• Allele-specific
• CRISPR-Cas9
• E.B. Simplex
• Gene editing
• Keratin 14

Epidermolisi Bollosa Simplex comprende un gruppo di malattie genetiche della pelle caratterizzate dalla comparsa di lesioni bollose, localizzate o sparse in tutto corpo, provocate in seguito all’esposizione a stress meccanico anche lieve. Questa fragilità, che colpisce la parte superficiale della pelle, è dovuta a uno scollamento non fisiologico tra i cheratinociti epidermici proliferanti, come risultato di mutazioni nei geni codificanti le cheratine dello strato basale, come la cheratina 14. Questa patologia è di gran lunga la forma più comune di Epidermolisi Bollosa ereditaria e, nonostante si presenti con un fenotipo generalmente leggero, viene comunque percepita come una condizione grave e debilitante, che porta a una scarsa qualità della vita. Per cui, l’identificazione di approcci terapeutici promettenti potrebbe sollevare speranze per lo sviluppo in futuro di trattamenti a lungo termine che portino beneficio a un gran numero di pazienti nel mondo.
Data l’alta prevalenza di forme dominanti, abbiamo delineato una strategia di gene editing allele-specifica su cellule primarie umane di Epidermolisi Bollosa Simplex, caratterizzate da una delezione monoallelica di 21 nucleotidi nell’esone1 del gene KRT14. Questo approccio in vitro è stato attuato attraverso il sistema CRISPR-Cas9, programmato con un RNA guida accuratamente disegnato.

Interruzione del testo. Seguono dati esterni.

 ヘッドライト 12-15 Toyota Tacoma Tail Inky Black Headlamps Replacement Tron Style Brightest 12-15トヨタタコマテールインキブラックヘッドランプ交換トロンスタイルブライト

Il lavoro della mia tesi mira a inattivare esclusivamente l’allele mutato, sfruttando l’attività nucleasica di CRISPR-Cas9 per indurre rotture a doppio filamento nel DNA genomico, che successivamente stimolino i meccanismi di riparo della cellula, tra cui quello di ricombinazione non omologa. Piccole inserzioni o delezioni introdotte da questo sistema di riparo del DNA generano mutazioni frameshift che portano all’abolizione dell’espressione dell’allele patogeno. Di seguito mostriamo come la nostra strategia di gene editing abbia avuto successo nel sopprimere l’espressione del gene KRT14 difettivo, permettendo il pieno ripristino del normale fenotipo cellulare, dovuto alla presenza dell’allele wild-type. È da sottolineare, inoltre, come la notevole efficacia e specificità allelica siano associate anche a un buon profilo di sicurezza, valutato tramite un’analisi in silico degli off targets.
In conclusione, i risultati incoraggianti realizzati tramite questo approccio pongono le basi per sviluppi futuri, mirati a ulteriori ottimizzazioni, per una eventuale prossima applicazione clinica.

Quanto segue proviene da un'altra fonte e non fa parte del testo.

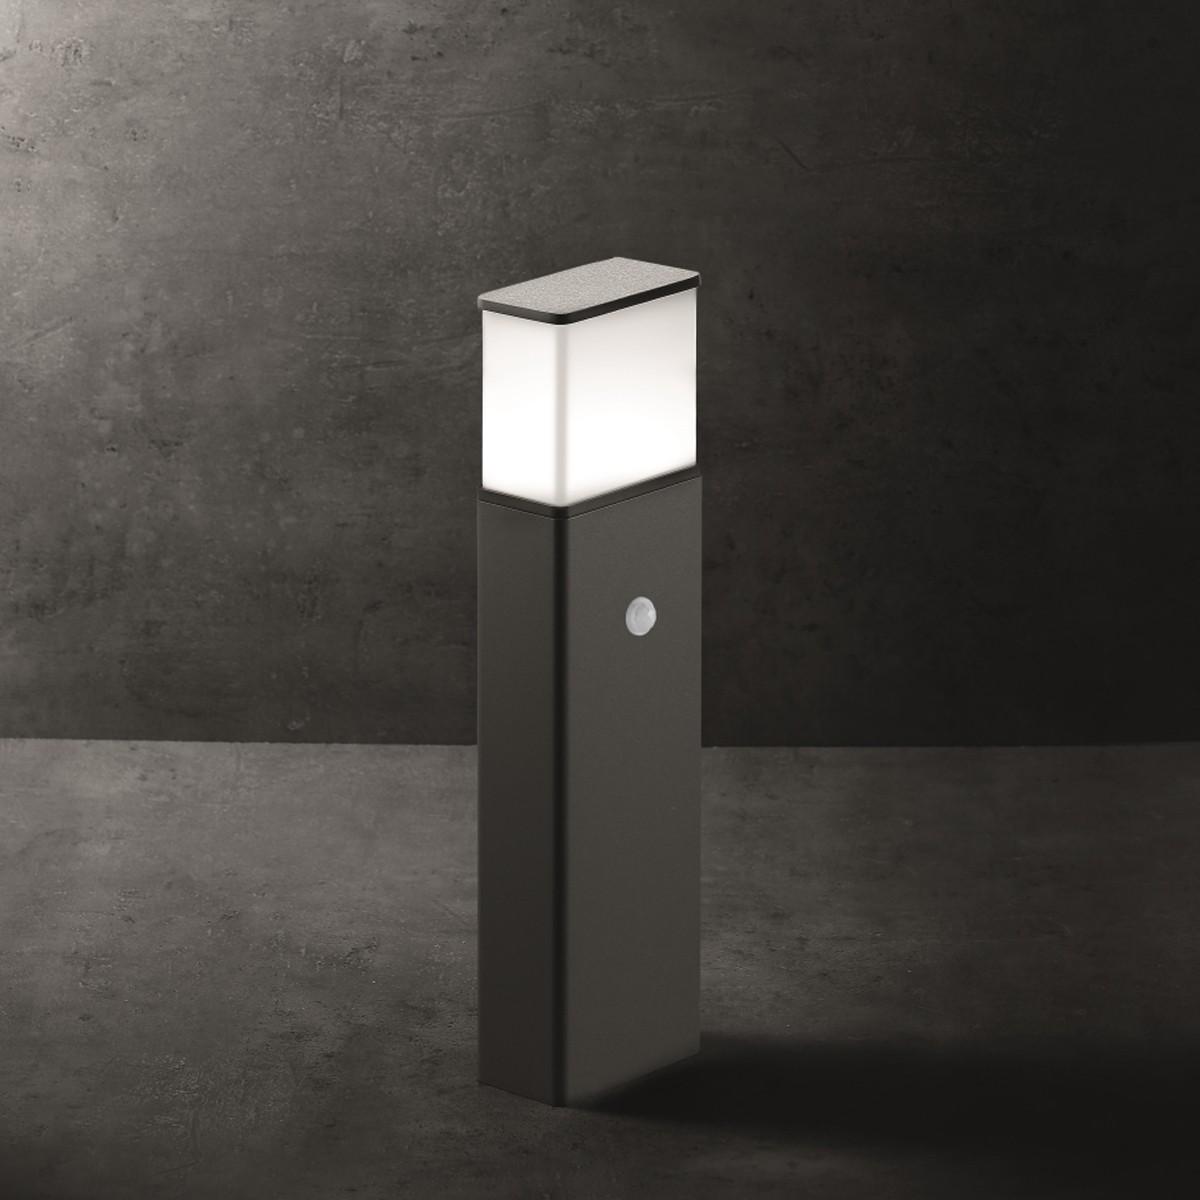 Lupia Licht Luka S Pollerleuchte, mit Sensor, anthrazit

Epidermolysis Bullosa Simplex (EBS) is a genetic disorder of the skin characterized by either localized or widespread intra-epidermal blistering triggered upon minor mechanical stress. Superficial skin fragility is due to non-physiological splitting within proliferating epidermal keratinocytes, caused by mutations in genes encoding for basal-layer keratins, such as keratin 14. This disease represents by far the most common form of inherited Epidermolysis Bullosa, and despite its generally mild phenotype, it is still perceived as a burdensome and debilitating condition, with a rather poor quality of life. Hence, the identification of a promising therapeutic approach may raise hopes for a future long lasting treatment, which would potentially benefit a great number of patients worldwide. Given the prevalence of dominant forms, we outlined an allele-specific gene editing strategy on human primary EBS cells, carrying a monoallelic 21 base pair deletion on exon1 of KRT14 gene. This in vitro approach was performed through the powerful Clustered regularly interspaced short palindromic repeats (CRISPR)/CRISPR-associated (Cas) protein 9 system programmed with an accurately designed single guide RNA (gRNA). The aim of my thesis was to specifically inactivate the mutant allele using CRISPR/Cas9 nuclease activity to induce DNA double strand breaks (DSBs), which subsequently stimulate cell repair mechanisms, including non-homologous end joining (NHEJ). Small insertions and deletions introduced by NHEJ DNA repair system would hopefully generate frameshift mutations resulting in pathogenic allele expression abolishment. Here we show how our gene editing strategy succeeded in suppressing the defective KRT14 expression, thus allowing the full restoration of the normal cellular phenotype, by virtue of the presence of the wild-type counterpart. Notably, the high efficacy and allele-specificity observed was further associated to a promisingly good safety profile, assessed by off target in silico analysis. In conclusion, the encouraging results achieved by this approach lay the foundation for future developments, aiming at its fine tuning and optimization, for a possible forthcoming clinical application.